During the authentication process and the call process may appear the stolen MS utilizes the previous legality to carry on the frequent call and the call, the intrusion detection system can effectively prevent and prevent this kind of behavior. By designing the status of the user activity in the IDS monitoring and reporting system for the mobile communication network, the potential intrusion activity can be detected as real time as possible to avoid the frequent attacks on the system by dishonest legitimate users and illegal users.

The system can verify the user's moving speed and the machine, so the fast intrusion detection is carried out. It requires IDs to be able to count the normal behavior of MS and create the user's normal behavior contour configuration. In this context, if an intruder requests a network service, it will inevitably produce a significant deviation from the behavior profile of the legitimate user (such as frequent switching and calling on a low density user area switch may have an intrusion warning), thus IDs can detect intruders based on the unusual activity of intruders.

CPD (Calling Profile Database) is the core of the entire IDs, which records the normal communication behavior characteristics of legitimate users in the system. MSC is responsible for the real-time transmission of the user's communication behavior to the CPD and its centralized processing. A warning message is issued when CPD thinks there is an unlawful invasion. CPD also access the PSTN. Users can contact the CPD center directly by telephone to confirm that their mobile phone is stolen, and users can modify their communication behavior descriptions in CPD at any time.

In practical applications, wireless location services may also be involved, the service also needs to authenticate to the Certification center authorization, before the start of positioning operations, after receiving MS request positioning information, by the base station or base station Mobile station joint measurement of data sent to the core network for positioning calculation, and then return the results to Ms.

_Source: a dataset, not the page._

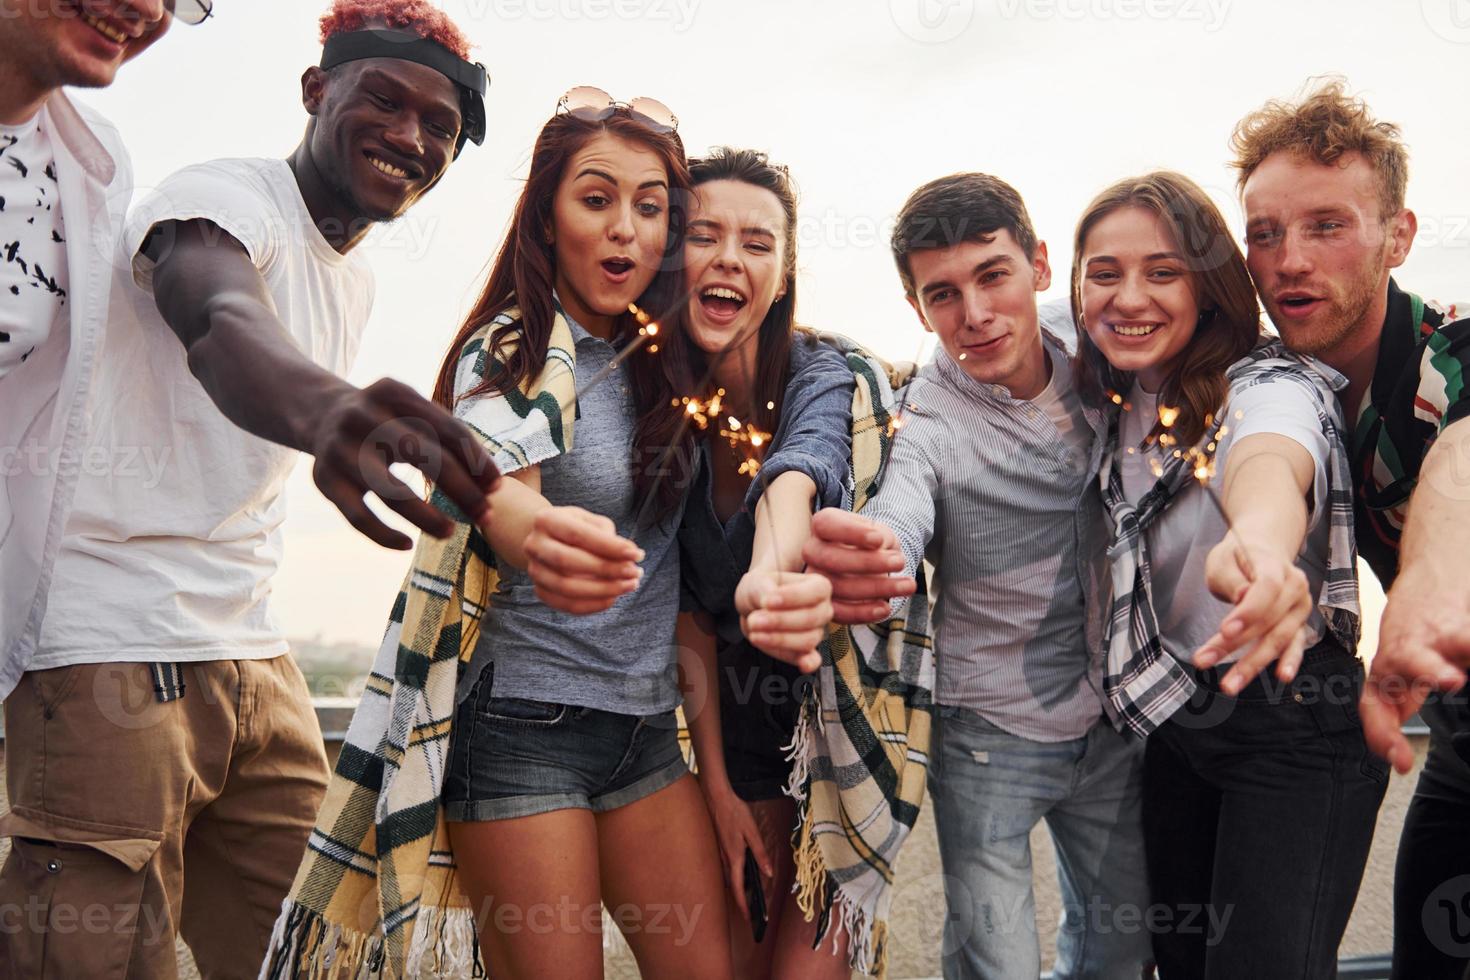 com estrelinhas nas mãos. grupo de jovens em roupas casuais faz uma festa no telhado juntos durante o dia foto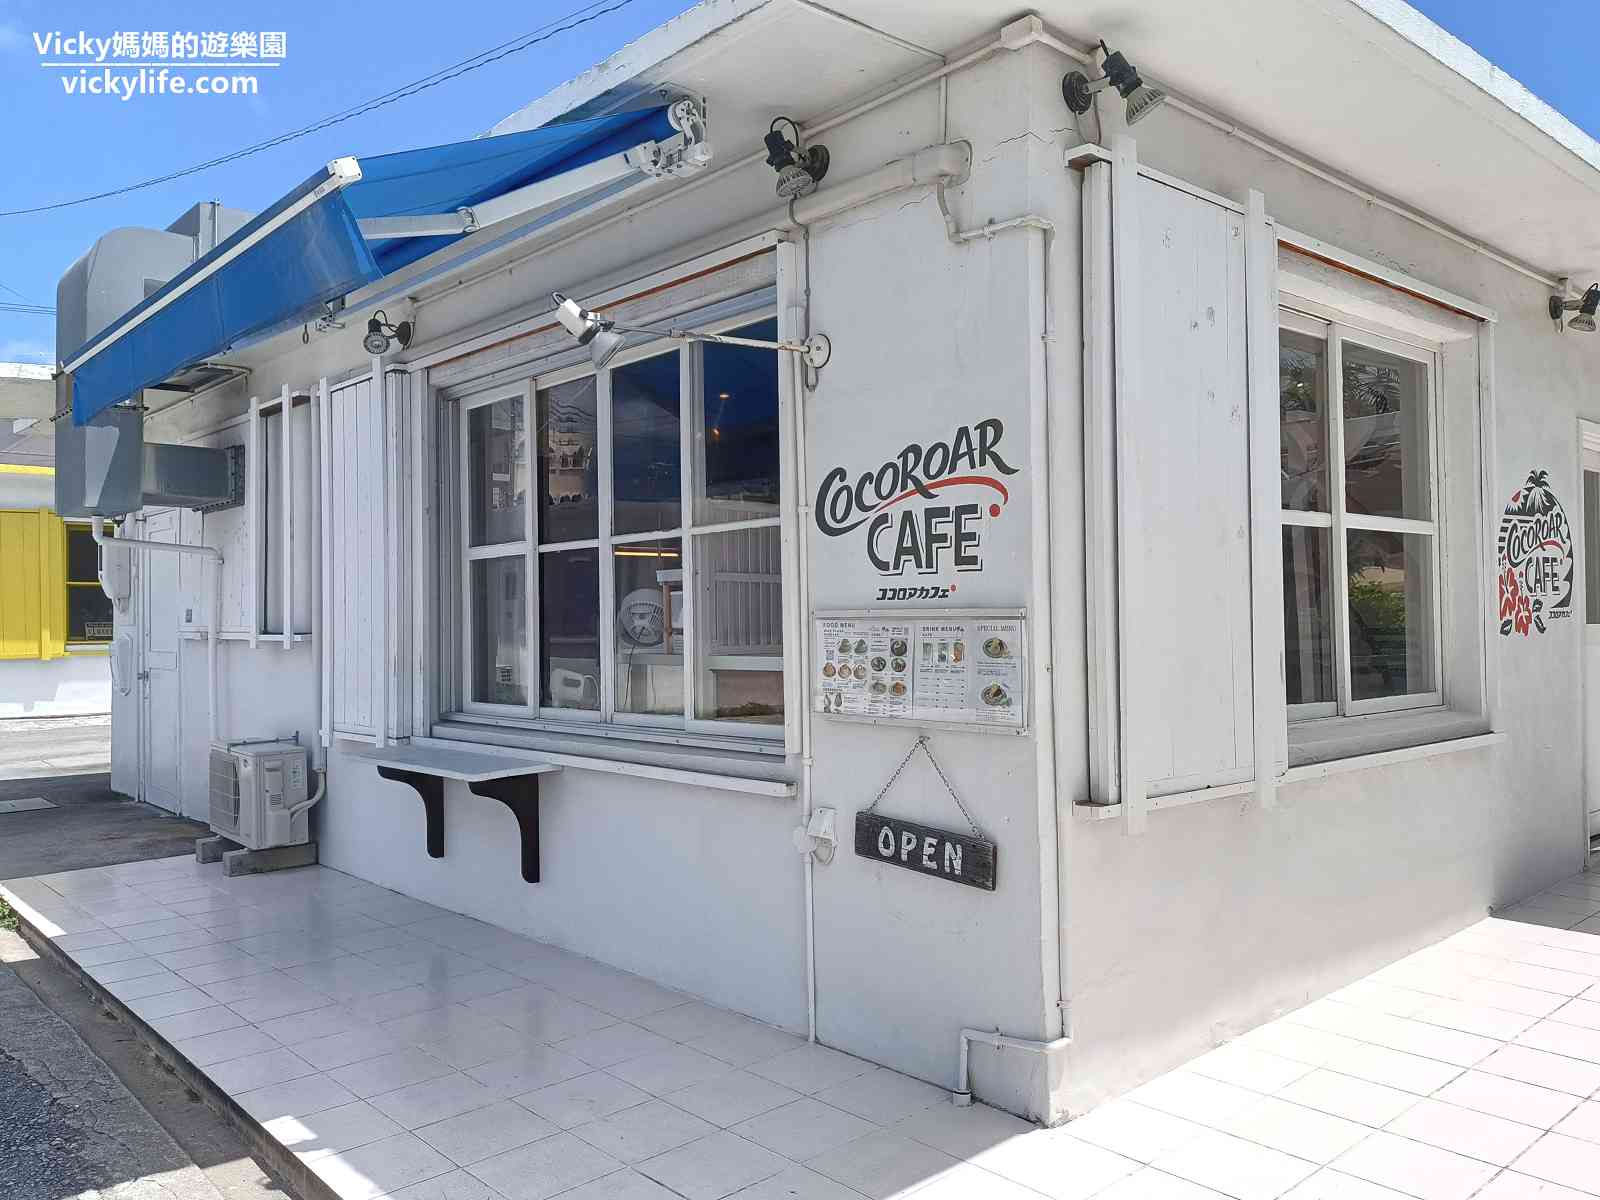 沖繩︱港川外人住宅 （美軍宿舍改建購物街 StateSide Town）：整個聚落都是可愛特色小店，像台灣眷村，COCOROAR CAFE舒芙蕾好吃

The data encryption process between MS and BS is similar to the preceding.

5 concluding remarks

The above is only from mutual authentication and key negotiation process, signaling integrity protection and encryption, intrusion detection and other aspects of the mobile platform to discuss the main call process security issues. It should be recognized that security in mobile communications also requires more technology to protect.

Contact Us

The content source of this page is from Internet, which doesn't represent Alibaba Cloud's opinion; products and services mentioned on that page don't have any relationship with Alibaba Cloud. If the content of the page makes you feel confusing, please write us an email, we will handle the problem within 5 days after receiving your email.

If you find any instances of plagiarism from the community, please send an email to: info-contact@alibabacloud.com and provide relevant evidence. A staff member will contact you within 5 working days.

A Free Trial That Lets You Build Big!

Start building with 50+ products and up to 12 months usage for Elastic Compute Service

  • Sales Support

    1 on 1 presale consultation

  • After-Sales Support

    24/7 Technical Support 6 Free Tickets per Quarter Faster Response

  • Alibaba Cloud offers highly flexible support services tailored to meet your exact needs.